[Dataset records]
————————
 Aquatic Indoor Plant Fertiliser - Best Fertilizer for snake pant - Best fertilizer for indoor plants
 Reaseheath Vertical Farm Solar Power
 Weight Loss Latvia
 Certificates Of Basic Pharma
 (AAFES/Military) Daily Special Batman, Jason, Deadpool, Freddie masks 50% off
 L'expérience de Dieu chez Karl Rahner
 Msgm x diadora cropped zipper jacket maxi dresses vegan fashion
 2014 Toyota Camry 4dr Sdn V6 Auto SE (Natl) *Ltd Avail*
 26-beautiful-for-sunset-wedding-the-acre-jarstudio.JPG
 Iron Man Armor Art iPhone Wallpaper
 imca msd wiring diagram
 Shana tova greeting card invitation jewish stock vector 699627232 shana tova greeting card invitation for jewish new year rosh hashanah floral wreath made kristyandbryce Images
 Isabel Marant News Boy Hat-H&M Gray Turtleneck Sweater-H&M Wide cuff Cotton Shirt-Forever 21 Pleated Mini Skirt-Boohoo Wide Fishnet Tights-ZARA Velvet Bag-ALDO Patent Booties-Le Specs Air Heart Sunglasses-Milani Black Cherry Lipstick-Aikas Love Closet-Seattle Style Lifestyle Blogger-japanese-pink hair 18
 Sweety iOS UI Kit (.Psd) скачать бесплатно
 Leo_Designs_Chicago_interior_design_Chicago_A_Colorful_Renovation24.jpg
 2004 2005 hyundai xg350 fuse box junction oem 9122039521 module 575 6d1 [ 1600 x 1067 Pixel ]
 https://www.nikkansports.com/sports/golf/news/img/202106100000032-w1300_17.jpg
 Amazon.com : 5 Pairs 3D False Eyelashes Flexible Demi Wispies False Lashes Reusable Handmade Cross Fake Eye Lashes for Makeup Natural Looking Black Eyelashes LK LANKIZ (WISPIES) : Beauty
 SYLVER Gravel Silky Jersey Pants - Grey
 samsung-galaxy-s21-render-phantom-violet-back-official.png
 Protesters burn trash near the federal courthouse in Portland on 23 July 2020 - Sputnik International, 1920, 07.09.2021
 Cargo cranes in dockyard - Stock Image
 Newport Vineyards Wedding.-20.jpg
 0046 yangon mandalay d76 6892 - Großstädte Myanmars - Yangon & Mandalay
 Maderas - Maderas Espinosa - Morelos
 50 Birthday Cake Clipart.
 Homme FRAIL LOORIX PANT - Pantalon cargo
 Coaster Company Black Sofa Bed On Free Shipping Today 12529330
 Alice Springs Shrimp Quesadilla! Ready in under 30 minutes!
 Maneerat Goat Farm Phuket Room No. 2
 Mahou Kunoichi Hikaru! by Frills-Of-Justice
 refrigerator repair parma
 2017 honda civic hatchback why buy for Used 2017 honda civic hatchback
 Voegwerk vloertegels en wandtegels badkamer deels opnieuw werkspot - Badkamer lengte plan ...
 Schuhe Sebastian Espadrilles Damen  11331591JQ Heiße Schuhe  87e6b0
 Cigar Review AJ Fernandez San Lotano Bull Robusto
————————
For each line above that contains the word "Farm", make a copy.

» Answer to the problem:
 Reaseheath Vertical Farm Solar Power
 Maneerat Goat Farm Phuket Room No. 2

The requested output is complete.